TL;DR
This paper introduces Optimsyn, a novel influence-guided optimization framework that refines rubrics for synthetic data generation, improving downstream model performance across various domains without task-specific tuning.
Contribution
It proposes a reinforcement learning approach that uses influence estimation to automatically optimize rubrics based on target model feedback, reducing reliance on expert-crafted heuristics.
Findings
Influence scores effectively measure synthetic data utility for training.
Optimized rubrics lead to consistent performance improvements across domains.

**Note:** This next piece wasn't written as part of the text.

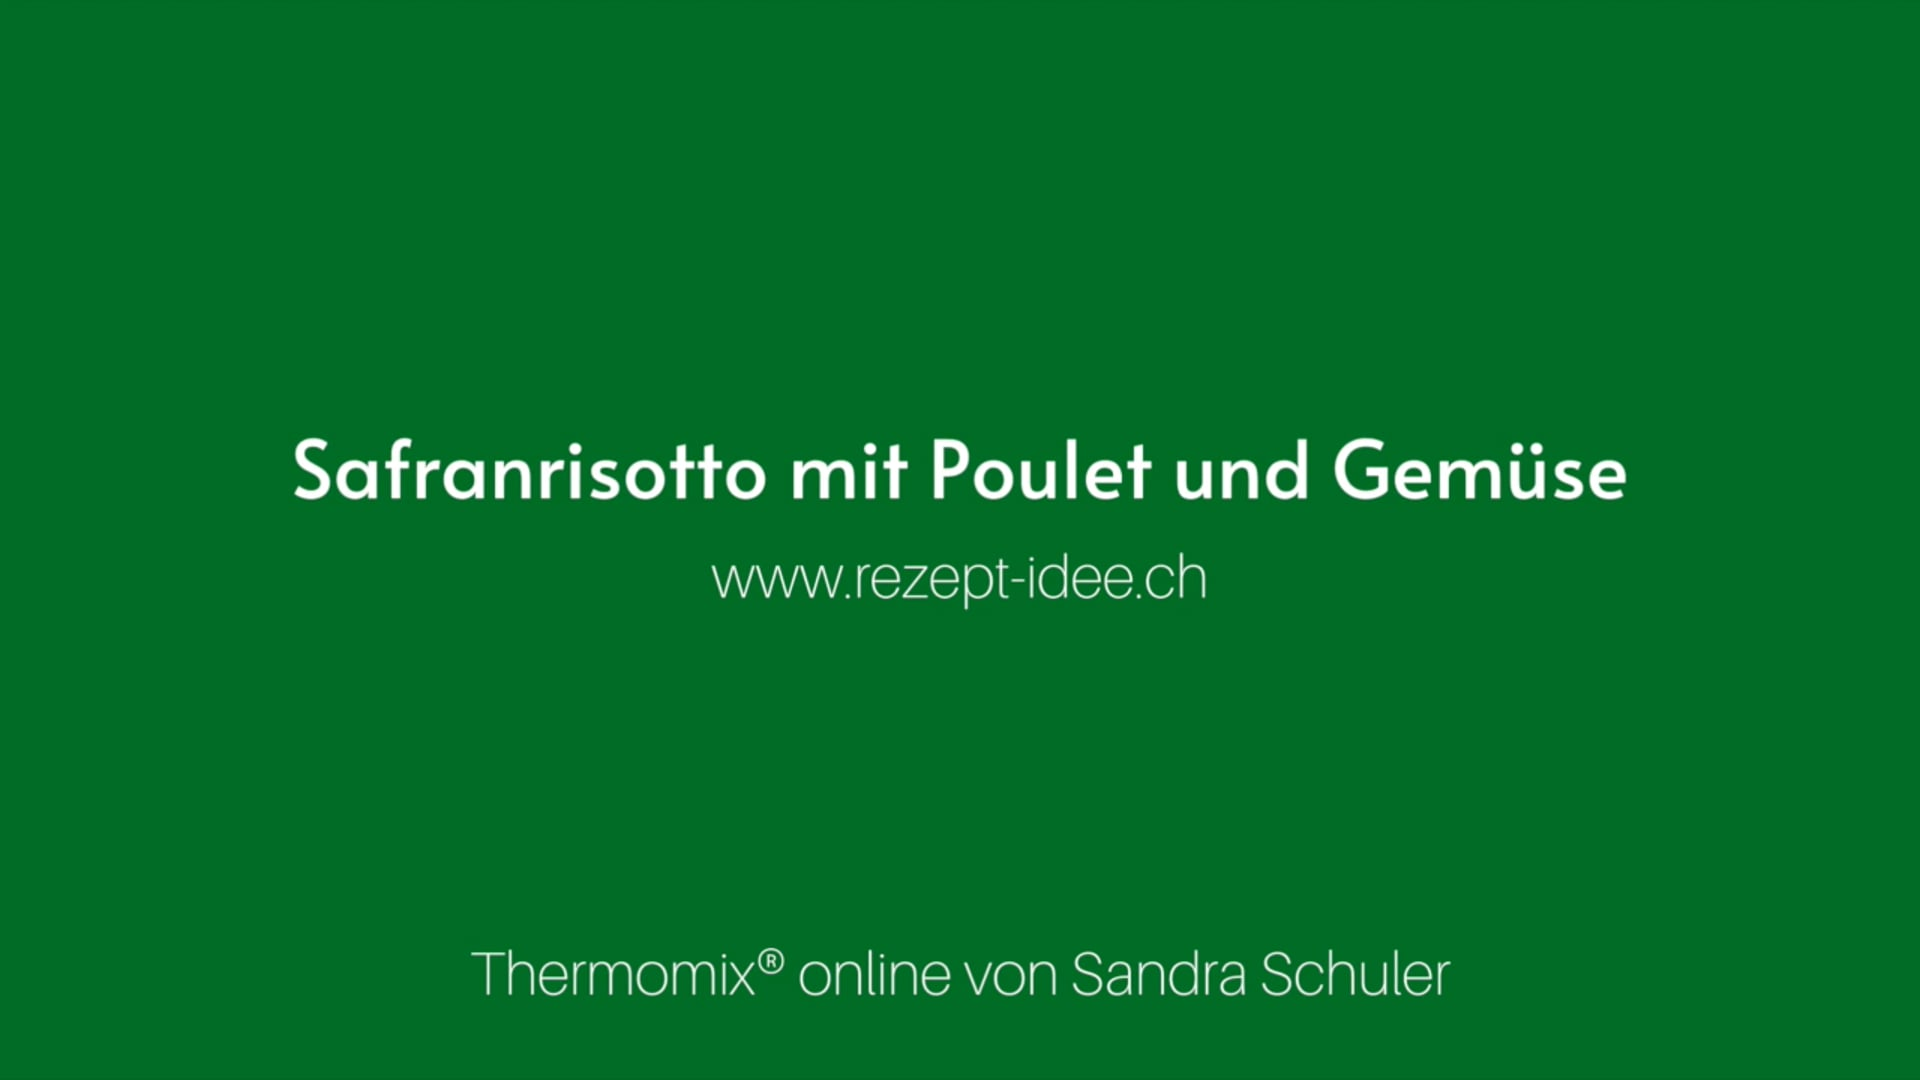 Safranrisotto mit Poulet und Gemüse (all-in-one)
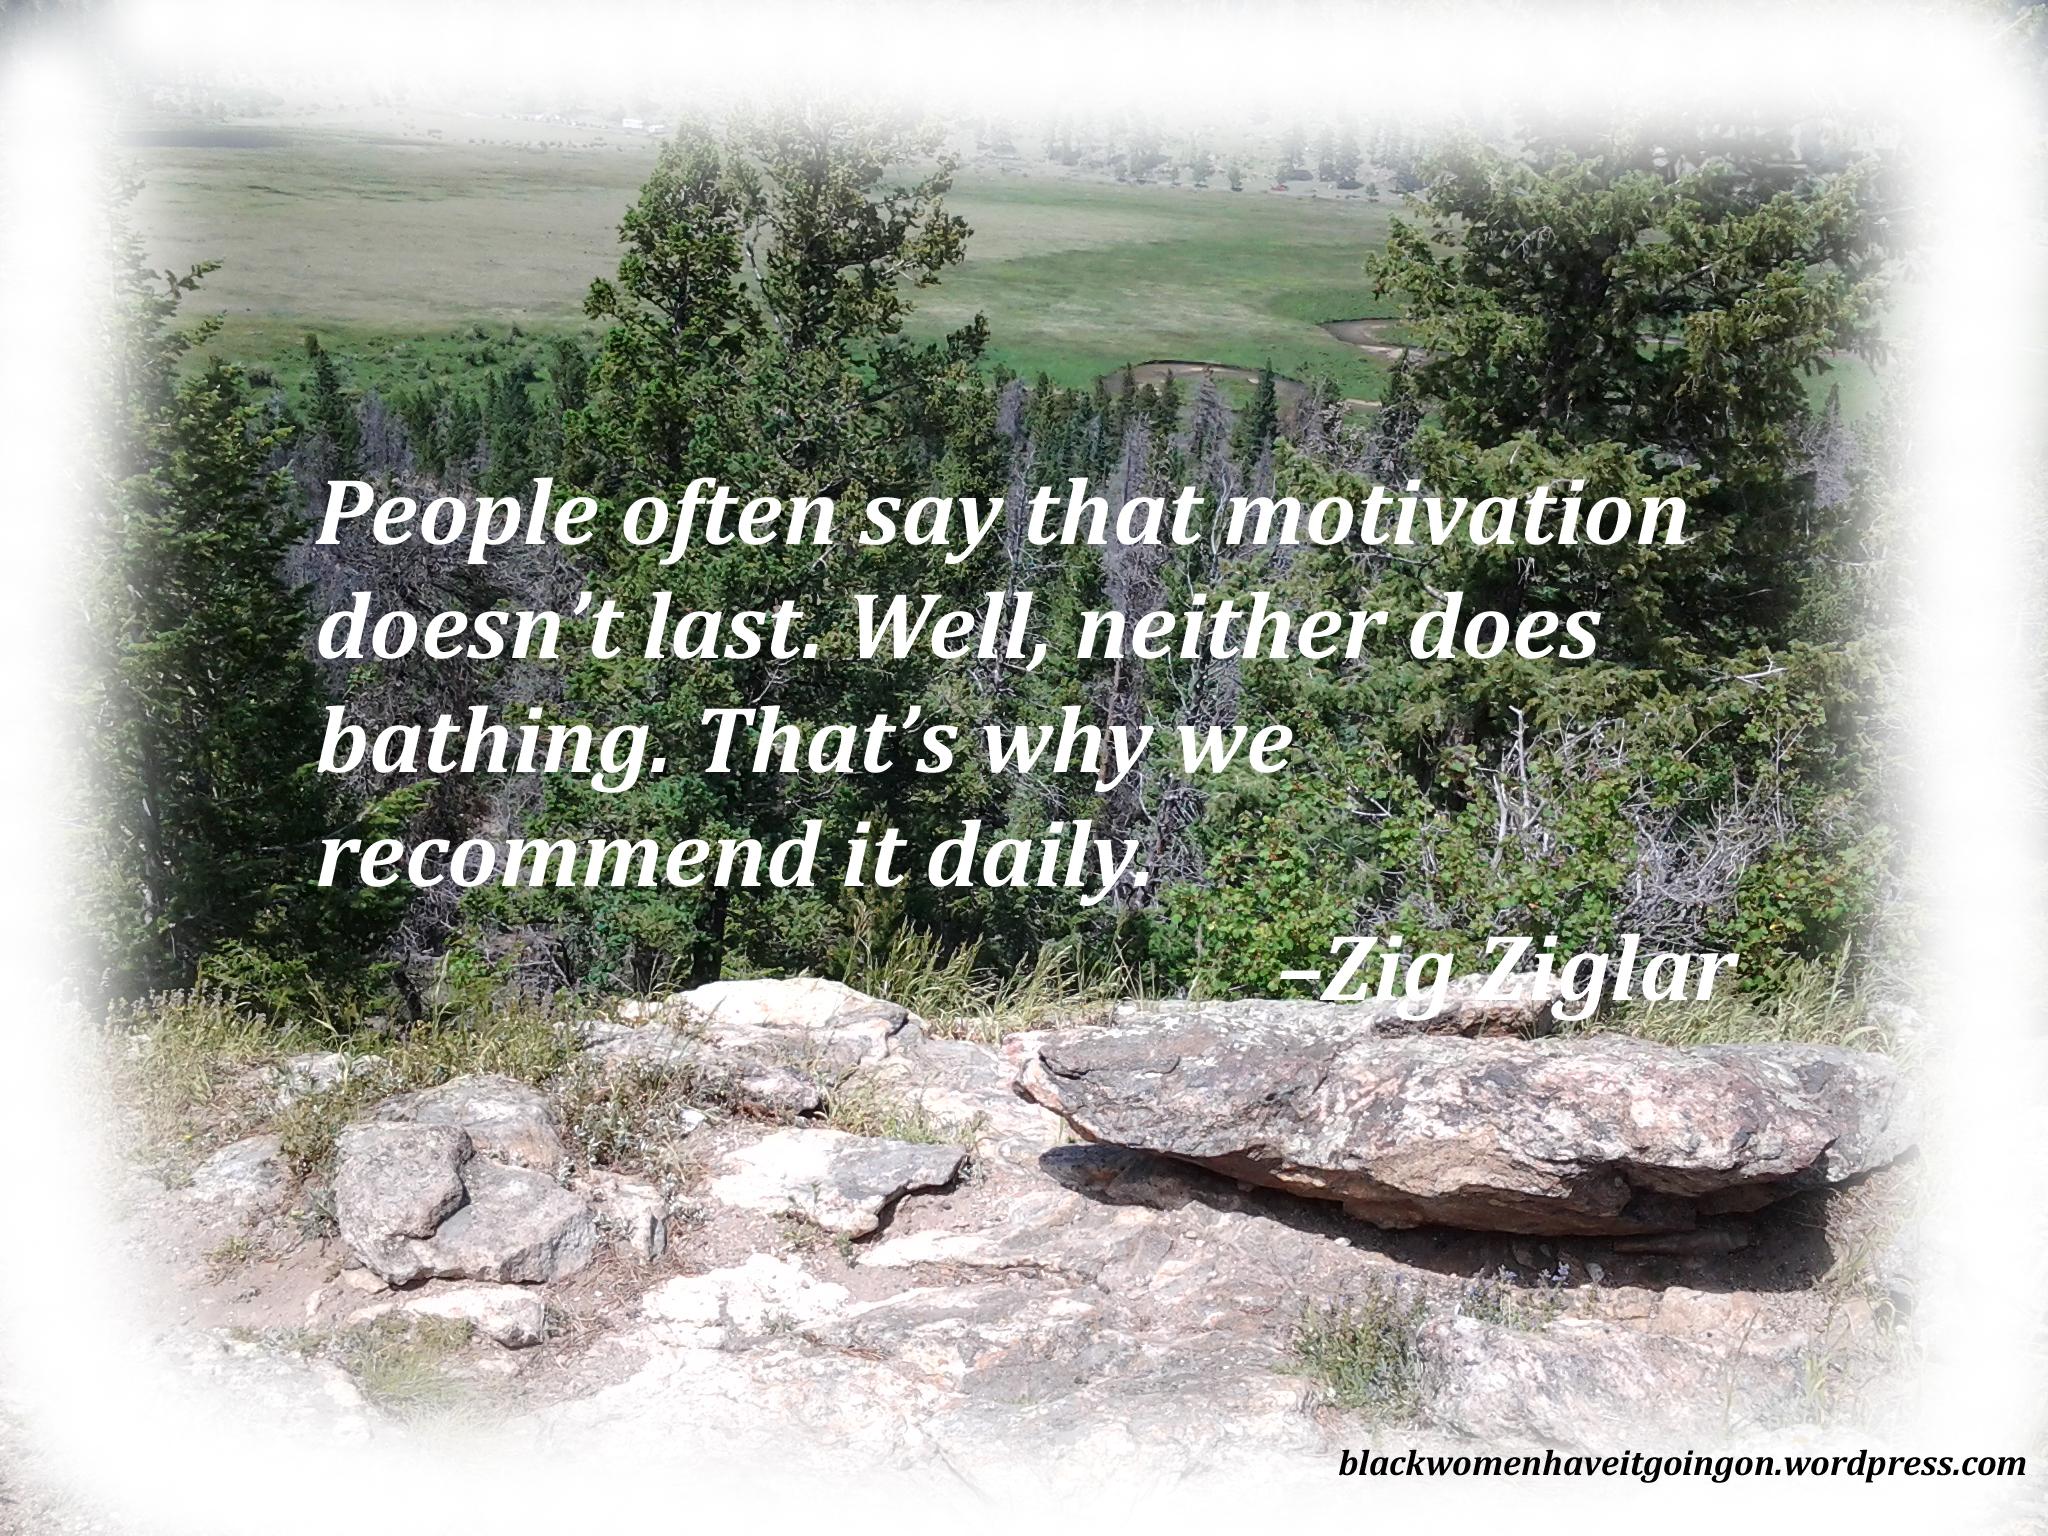 Quotes Zig Ziglar Motivational Quotes Zig Ziglar  Black Women Have It Going On

The framework generalizes well without domain-specific tuning.
Abstract
Large language models (LLMs) achieve strong downstream performance largely due to abundant supervised fine-tuning (SFT) data. However, high-quality SFT data in knowledge-intensive domains such as humanities, social sciences, medicine, law, and finance is scarce because expert curation is expensive, privacy constraints are strict, and label consistency is hard to ensure. Recent work uses synthetic data, typically by prompting a generator over domain documents and filtering outputs with handcrafted rubrics. Yet rubric design is expert-dependent, transfers poorly across domains, and is often optimized through a brittle heuristic loop of writing rubrics, synthesizing data, training, inspecting results, and manually guessing revisions. This process lacks reliable quantitative feedback about how a rubric affects downstream performance. We propose evaluating synthetic data by its training…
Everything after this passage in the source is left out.